### Work instructions:
This exercise calls for the data below to be retyped exactly, minus any images.

### Raw data:
Content starts
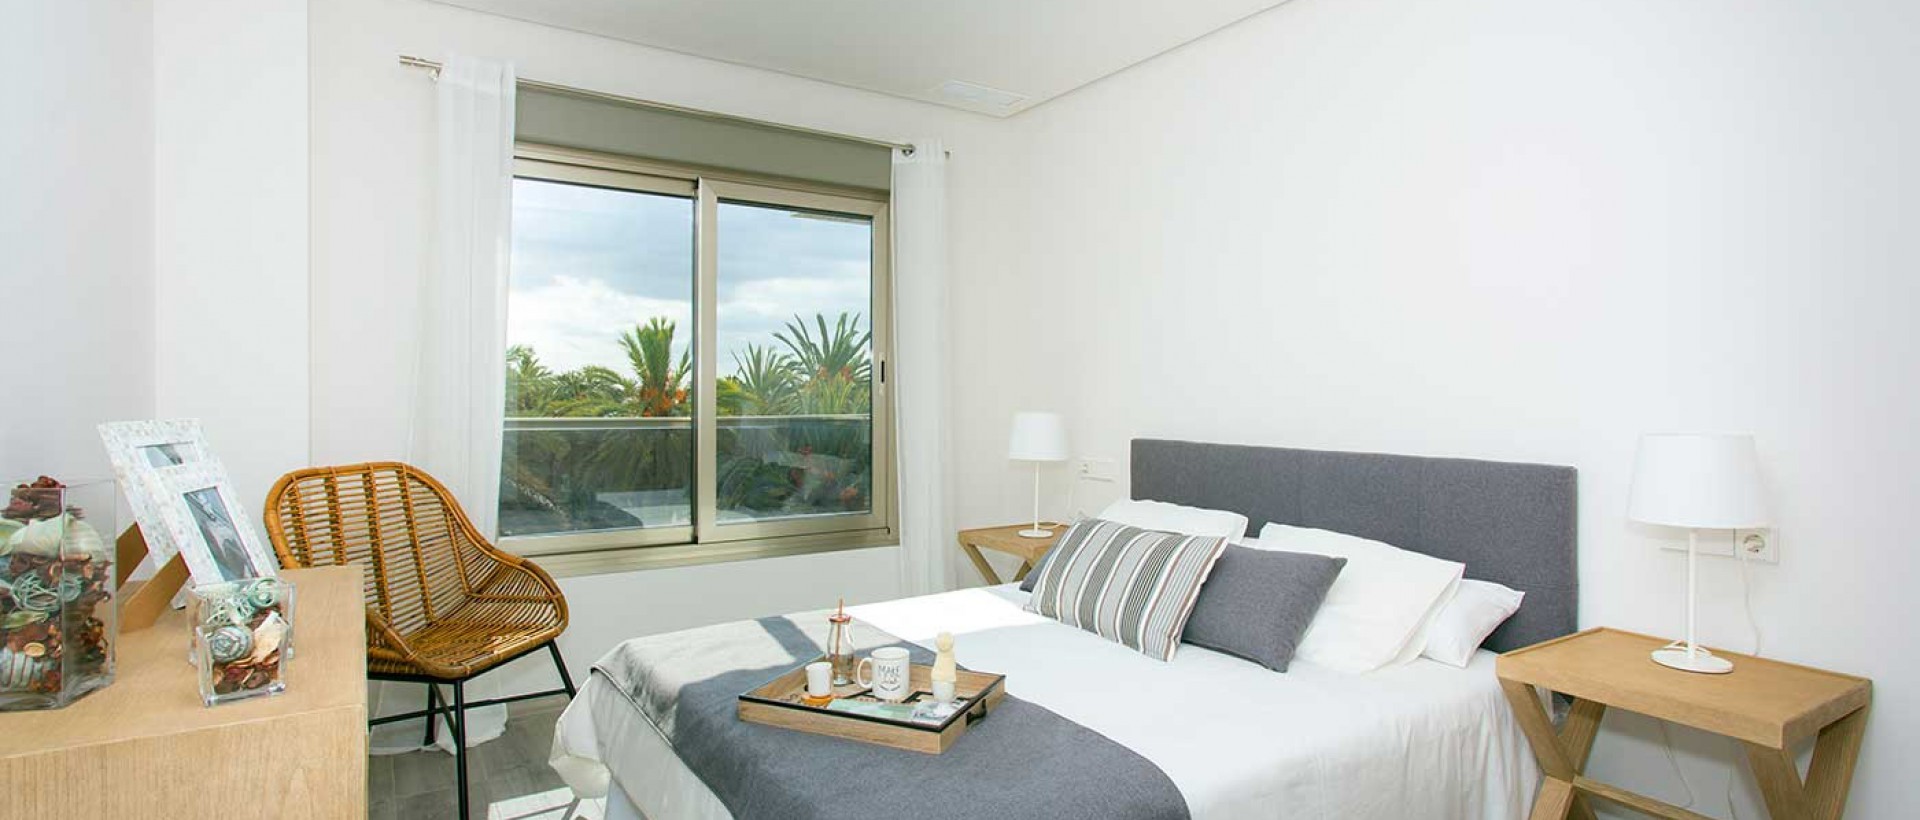 Appartements de luxe de nouvelle construction à vendre dans le centre d'Elche, Costa Blanca, Espagne - Urmosa
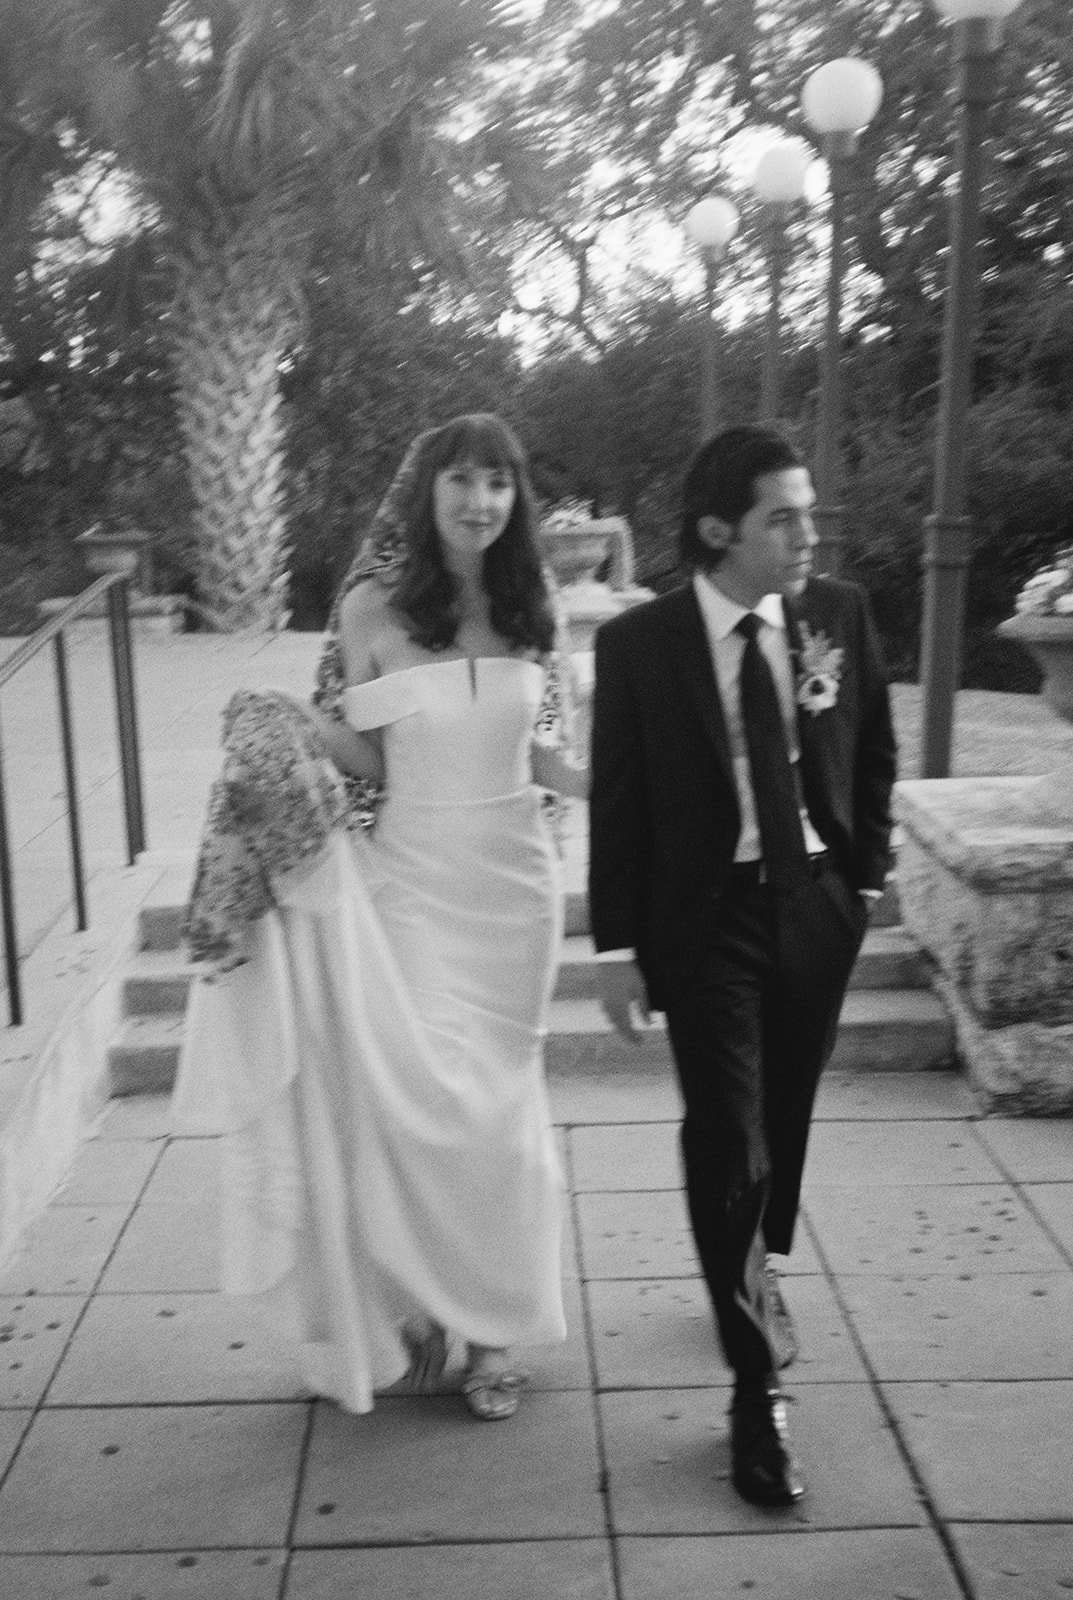 Best-Austin-Wedding-Photographers-Elopement-Film-35mm-Asheville-Santa-Barbara-Laguna-Gloria-66.jpg
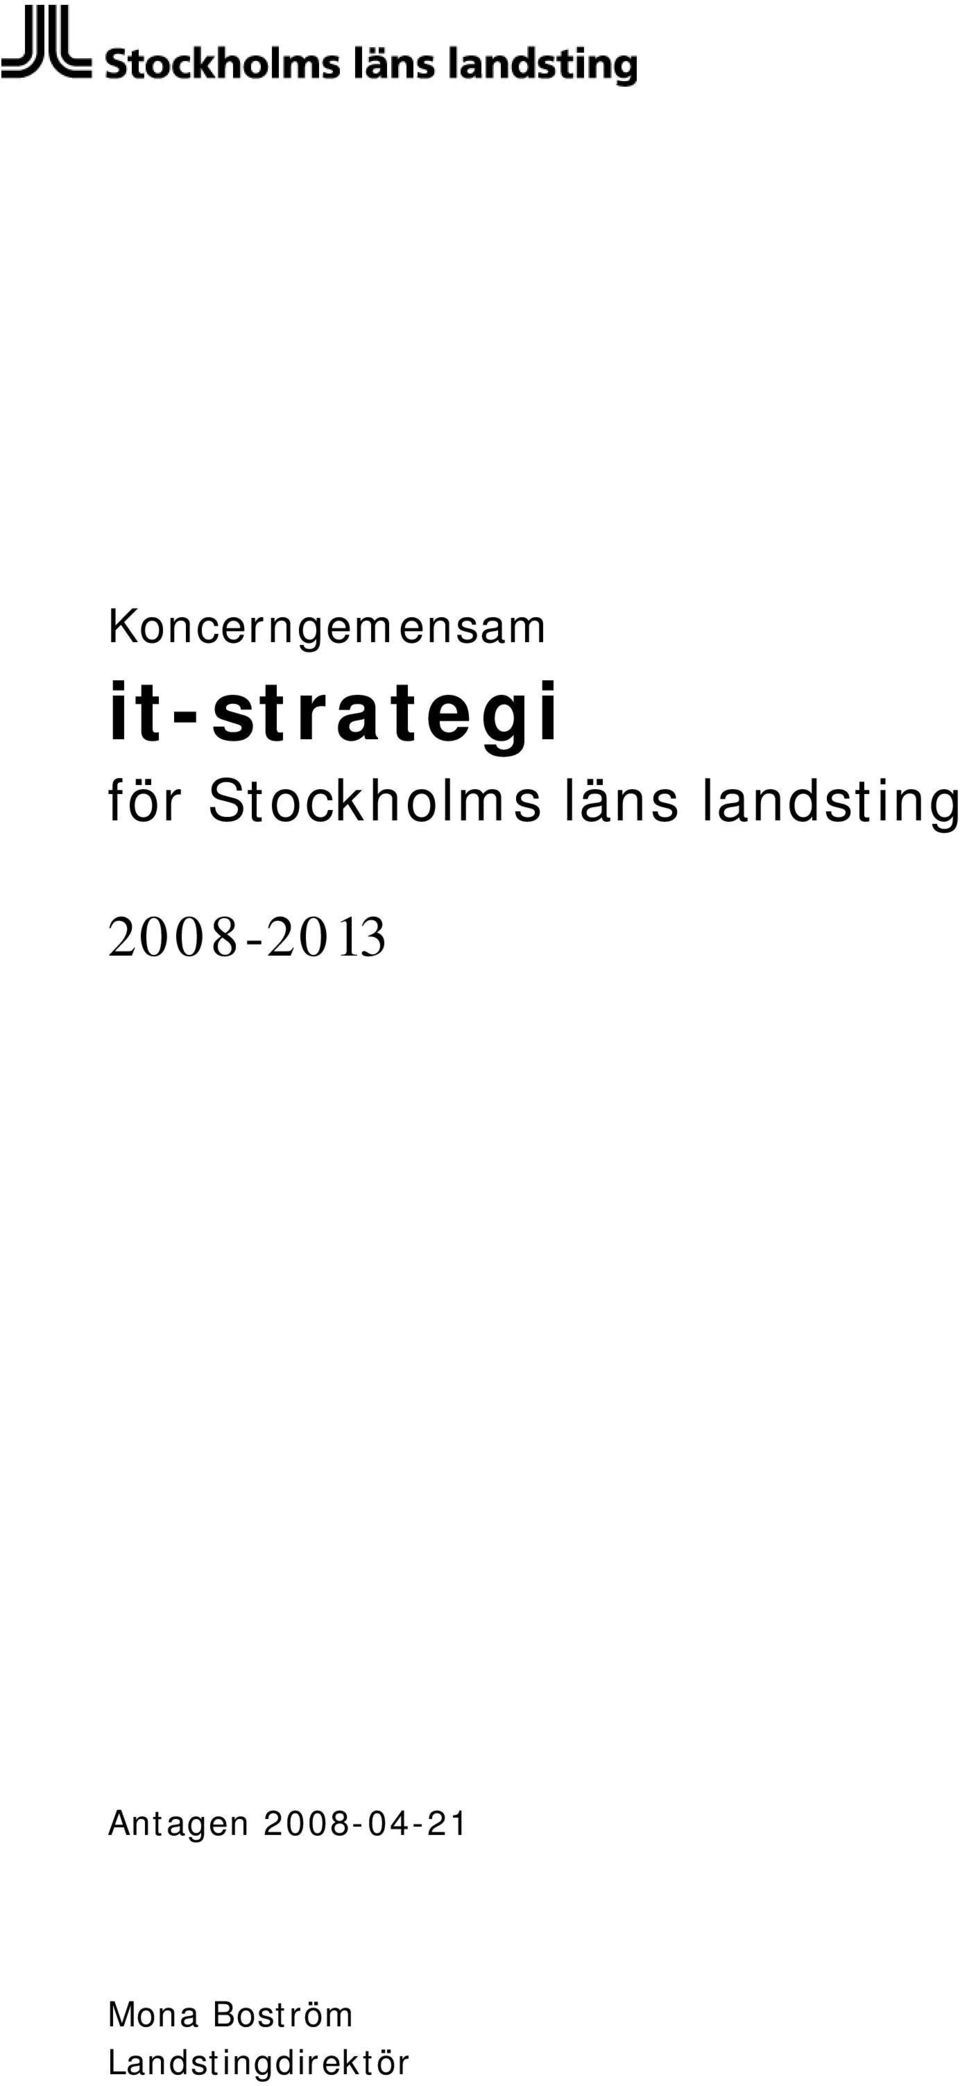 2008-2013 Antagen 2008-04-21
Content ends
### Your solution:
 Appartements de luxe de nouvelle construction à vendre dans le centre d'Elche, Costa Blanca, Espagne - Urmosa
 Best-Austin-Wedding-Photographers-Elopement-Film-35mm-Asheville-Santa-Barbara-Laguna-Gloria-66.jpg
 2008-2013 Antagen 2008-04-21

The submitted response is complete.